А вот еще одна невероятная история. Один грамм инвазивной опухоли содержит до миллиарда раковых клеток, многие из которых постоянно попадают в кровоток. На этом фоне может показаться, что вторичный рак – мрачная доля каждого пациента, но вероятность такого развития событий гораздо меньше, чем можно было бы ожидать. Чайная ложка крови онкологического больного обычно содержит менее пятидесяти опухолевых клеток, а это означает, что в пяти литрах его красного вещества их будет лишь пара десятков тысяч.
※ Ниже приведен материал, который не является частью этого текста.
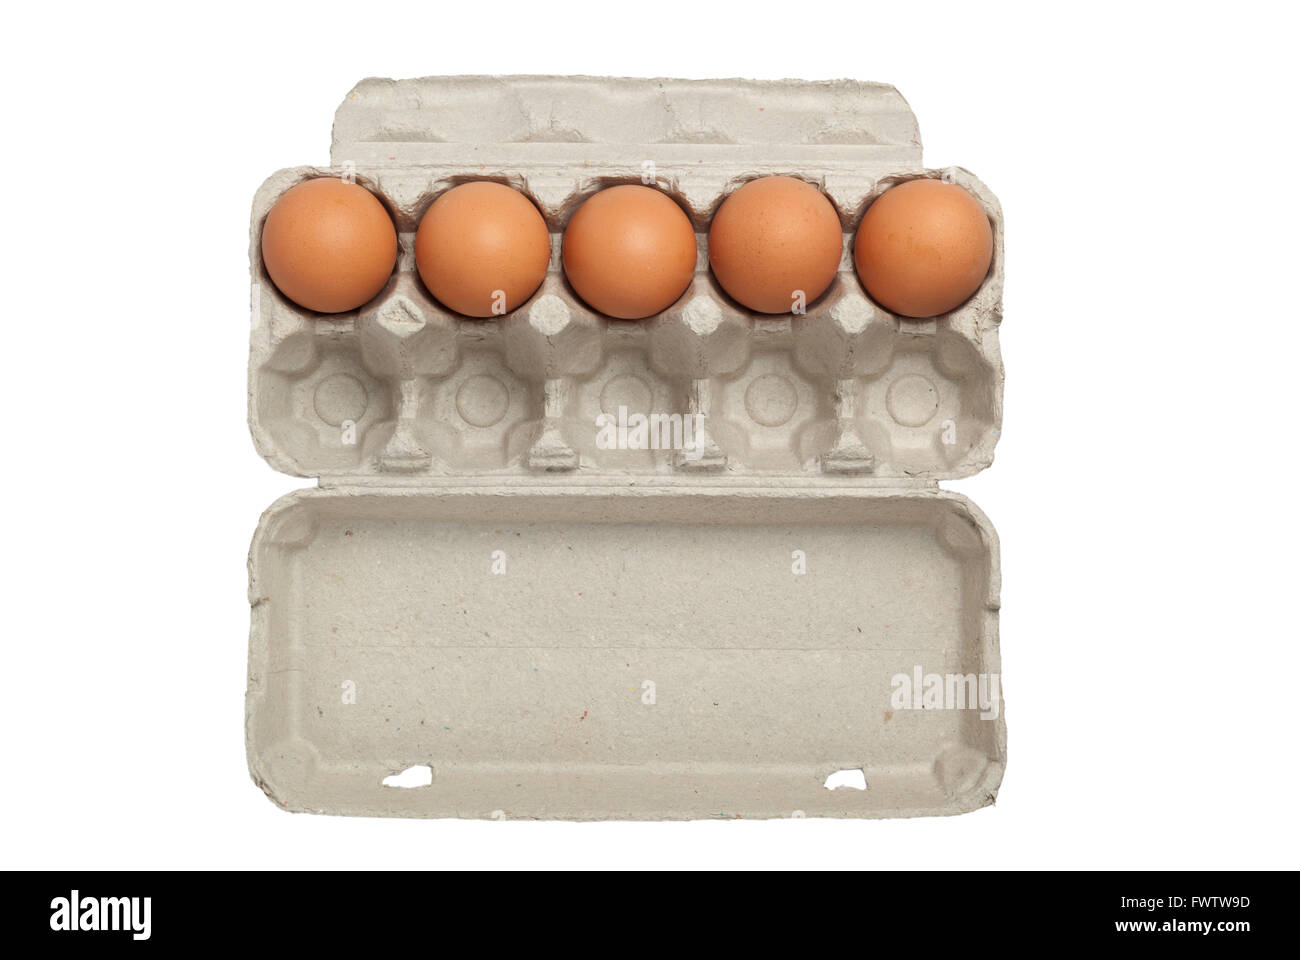 Egg carton half full or half empty of eggs isolated on white background Stock Photo

В большинстве своем эти клетки совершают только один круг по телу, а потом разрушаются, но их количество все равно составляет несколько миллионов клеток на каждый день или несколько миллиардов на каждый год. Цифра чрезвычайно высокая, но, несмотря на это, количество вторичных опухолей, возникающих у пациентов, весьма мало; отсюда можно сделать вывод о том, что лишь одна раковая клетка из миллиарда способна вызывать метастазы. Процесс распространения рака по телу – математическая несуразица. Тем не менее это биологическая реальность, в которой даже самые невероятные шансы могут в какой-то момент обернуться «победой».
Если бы опухоли всегда оставались на местах, мы могли бы вылечить почти все солидные виды рака, обратившись лишь к острой хирургической стали. Единственное, что делает болезнь столь смертельной, – это метастазы, клетки, отделяющиеся от первичного рака, болтающиеся по дорогам и улицам нашего тела и высеивающие вторичные опухоли в новых местах. Начинается все с инвазии, когда опухолевые клетки прорываются через мембранные барьеры, выстилающие ткани и органы. И уже отсюда делается короткий прыжок к свободе: либо через кровеносные сосуды, либо через лимфатическую систему – сеть протоков и узлов, формирующих секретную магистраль иммунных клеток. Если опухоль удалить до первого инвазивного прорыва, то излечение практически гарантировано. Увы, как только барьер будет преодолен, почти неизбежным становится то, что раковые клетки начнут свободно циркулировать – задолго до того времени, когда опухоль станет достаточно большой, чтобы ее можно было обнаружить с помощью обычных диагностических методов.
К концу XIX века совершенствование анестетических и антисептических методов сделало возможным хирургическое вмешательство при раке, несмотря на все сохранявшиеся риски. Особенно хорошо поддавались лечению опухоли молочной железы: они располагались в доступной части тела, которую можно было удалить, а не в глубине какого-то жизненно важного органа. К несчастью, в то время как некоторых женщин, страдавших от этого типа рака, действительно удалось излечить с помощью скальпеля, многие другие скончались от вторичных опухолей, поражавших кости, легкие, печень и головной мозг. Предположив, что это работа блуждающих раковых клеток, вырвавшихся из исходной опухоли, американский хирург-новатор Уильям Холстед изобрел радикальную мастэктомию – новую операцию, которая включала удаление молочных желез вместе с расположенными под ними мышцами и лимфатическими узлами подмышечных впадин.
Строжайшее соблюдение Холстедом антисептических правил, несомненно, спасало пациенток от инфекции, а его приверженность анестезии делала жуткие операции терпимыми (что, впрочем, не помогло ему самому избежать личной зависимости от кокаина и морфина). Но, несмотря на все это, экстенсивное применение им хирургии почти не повлияло на выживаемость от рака. Одни женщины излечивались, но другие умирали от вторичных опухолей.
Хирурги, следовавшие по стопам Холстеда в начале XX века, решили пойти еще дальше. Их сверхрадикальные методики мастэктомии были по-настоящему брутальными: в стремлении блокировать распространение болезни врачи отрезали все больше, больше и больше человеческой плоти. В частности, удалялись глубинные слои мышц, а некоторым женщинам ампутировали часть плеч или руки. Тем не менее, несмотря на физический и психологический ущерб, причиняемый женщинам в результате подобных операций, которые продолжались до 1950-х годов, показатели выживаемости оставались на прежнем уровне.
В какой-то момент эта волна увечий стала невыносимой. Небольшая группа хирургов из Европы и США выступила против сложившейся практики, собрав достаточно данных, которые убедительно доказывали, что шансы на развитие вторичного рака остаются неизменными независимо от того, перенесла ли женщина калечащую радикальную мастэктомию или же менее серьезную операцию по удалению лишь пораженной груди. Общий посыл был ясен: к тому времени, когда рак обнаруживает себя в той степени, которая позволяет оперировать пациентку, неизменно имеется риск того, что метастазы уже посеяны. Некоторым женщинам повезет, а некоторым нет. Но вот кромсать их тела – это негодное решение.